Limitations & Future Work¶
- Dependency on Coarse Quality: If the initial coarse prediction is too far from the ground truth, the "imagined" tactile signals will also be biased.
- Requirement for Mesh Supervision: Training requires object meshes to render tactile images, limiting scalability to data without meshes (e.g., raw real-world scans).
- Computational Overhead: Generating latent vectors and decoding/sampling for each pose is expensive (6.7 hours for 1200 PCN shapes on one 4090), which is far from real-time.
- Future Directions: The authors suggest learnable active pose sampling (via RL) instead of uniform sampling, integrating tactile and vision into a unified multimodal generative framework, and using imagined touch to refine 3D Gaussians from single images.
Related Work & Insights¶
- vs. SymmCompletion: Uses a similar refinement structure but replaces symmetry priors with tactile guidance. Tactile guidance is superior for asymmetric objects or those with missing critical structures.

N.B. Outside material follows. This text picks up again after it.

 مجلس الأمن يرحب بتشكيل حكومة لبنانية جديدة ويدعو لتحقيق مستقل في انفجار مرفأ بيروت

- vs. Physical Tactile Reconstruction: Methods using GelSight/Digit require physical interaction; TouchDream requires only a coarse point cloud to "imagine" these signals.

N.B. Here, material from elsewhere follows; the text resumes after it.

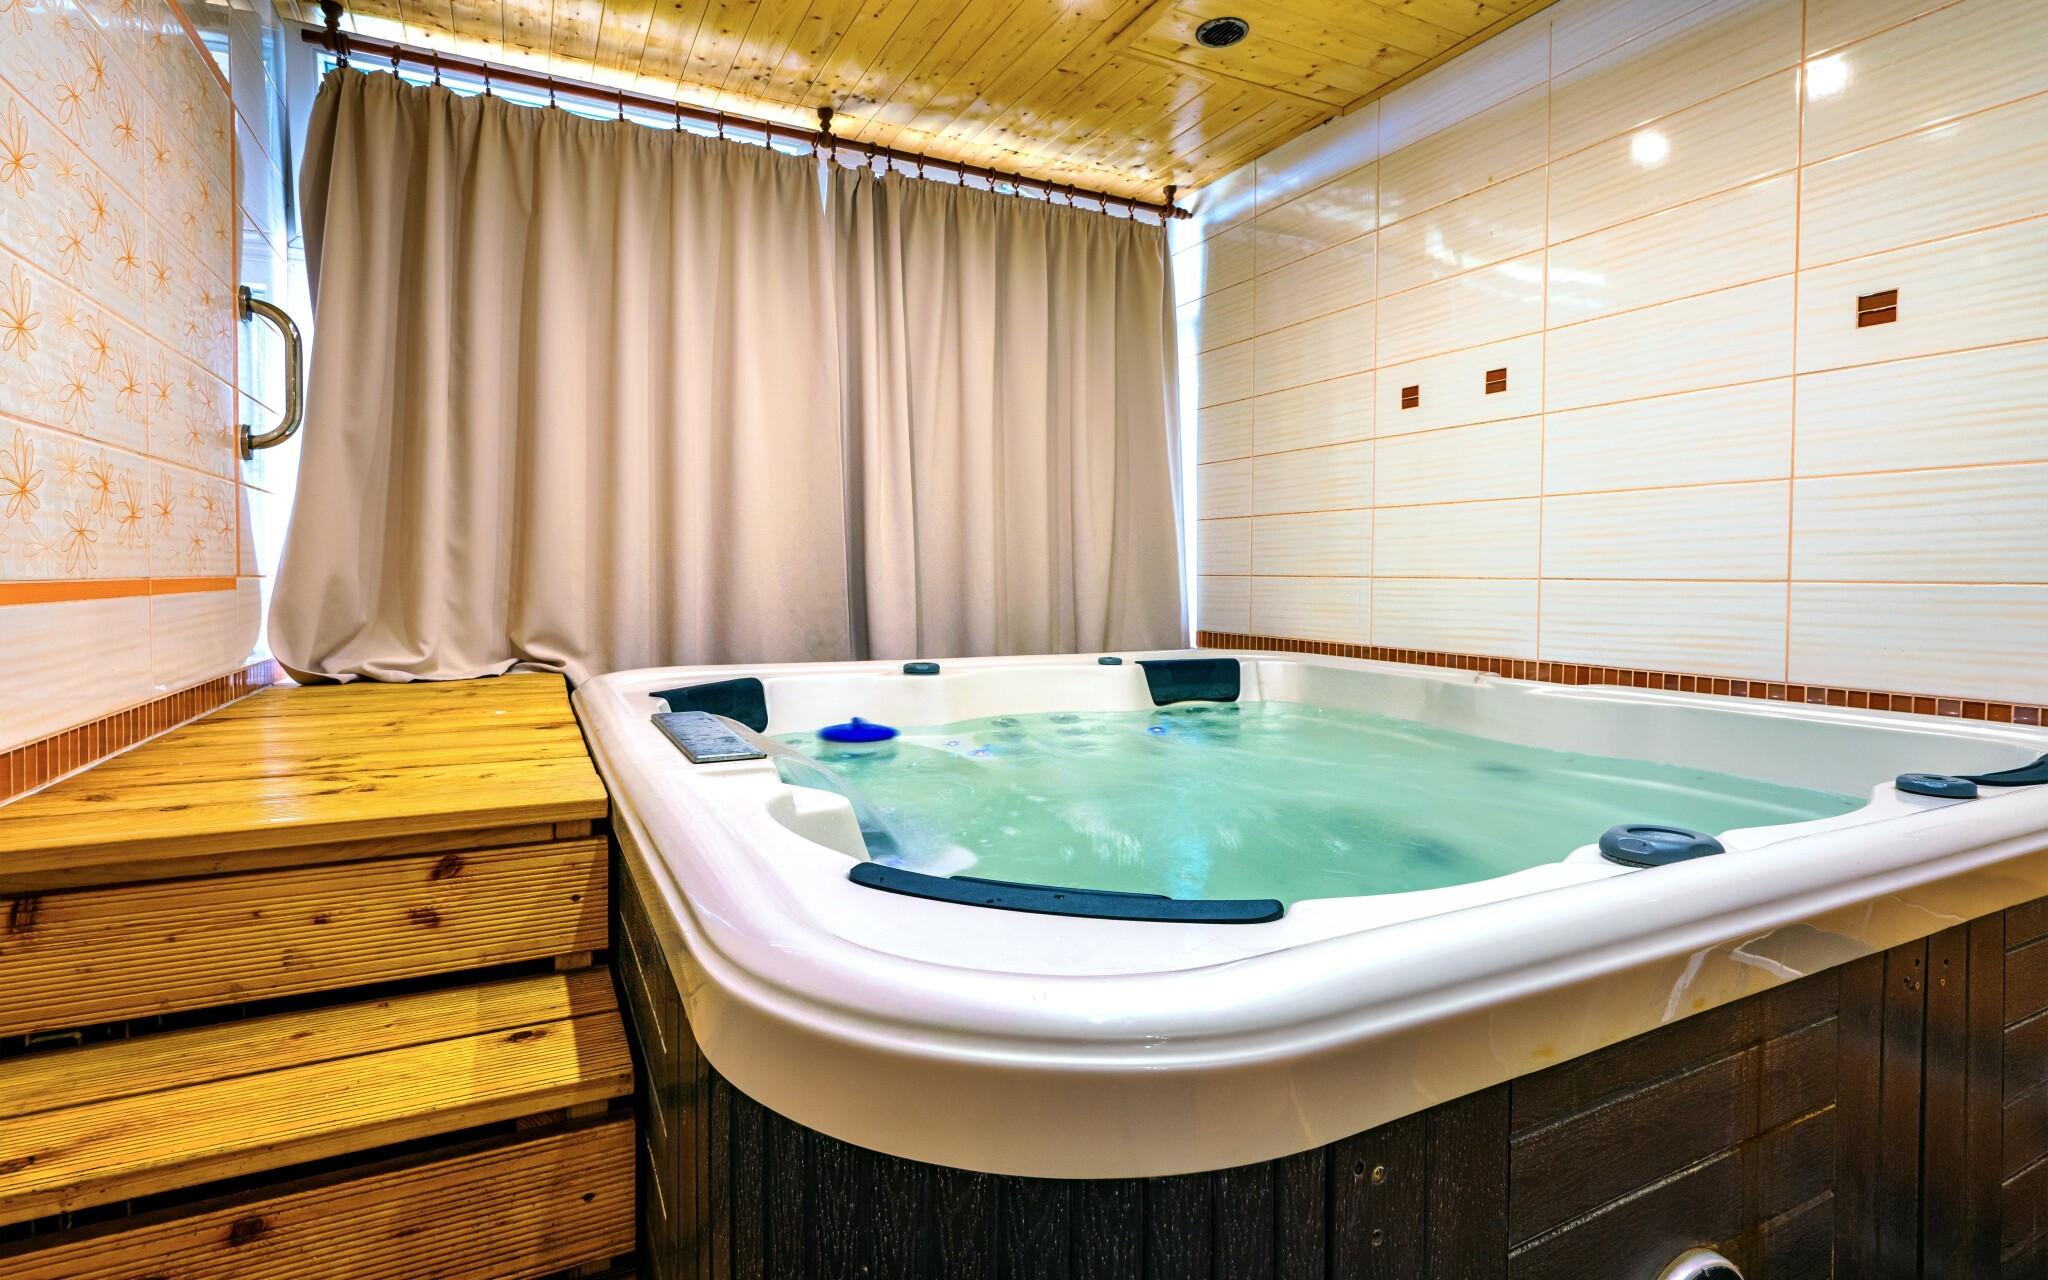 Užijte si wellness s vířivkou a saunou

- vs. Visual-Aided Completion: Visual cues (multi-view depth/RGB) are better for global structure but weaker for precise local geometry and require complex cross-modal alignment.
- vs. Direct Diffusion Completion: Directly denoising entire clouds can lead to inconsistency in severely incomplete inputs; TouchDream uses diffusion only for "tactile cues," delegating fusion to a deterministic network.
Rating¶
- Novelty: ⭐⭐⭐⭐⭐ Reframing tactile perception as a diffusion task is a novel and self-consistent entry point for point cloud completion.

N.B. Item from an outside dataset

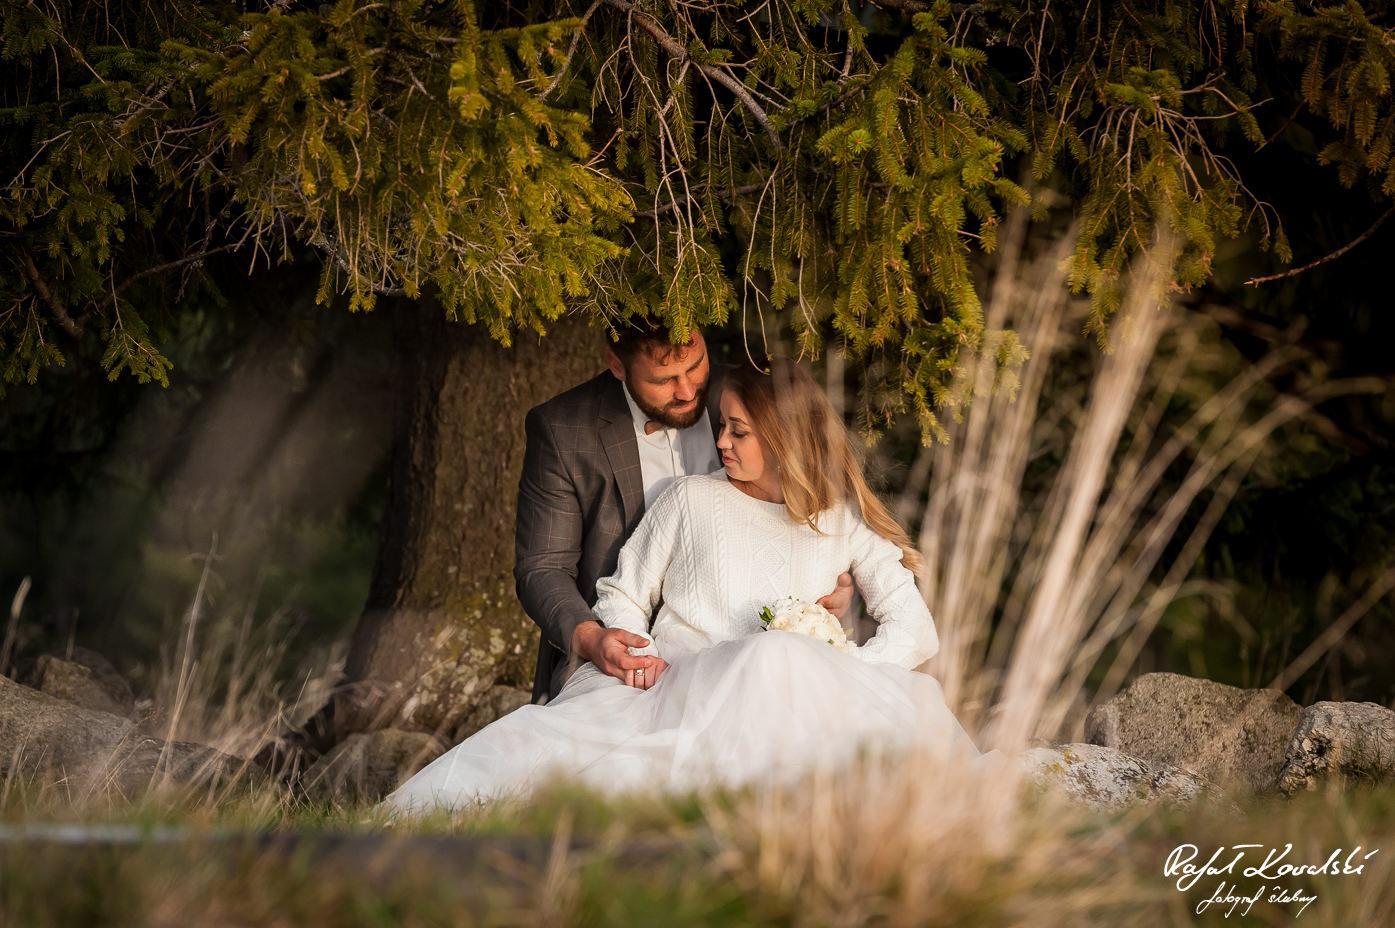 biel sukni ślubnej wyróżnia się na tle zielonych i brązowych odcieni natury

- Experimental Thoroughness: ⭐⭐⭐⭐ Solid benchmarking on PCN/ShapeNet/KITTI with detailed ablations. However, gains on "seen" categories are modest.
- Writing Quality: ⭐⭐⭐⭐ Clear motivation and methodology. More formulas regarding the latent space/alignment network would enhance reproducibility.
- Value: ⭐⭐⭐⭐ The "generation as sensing" paradigm is valuable for unseen generalization, though computational costs limit immediate deployment.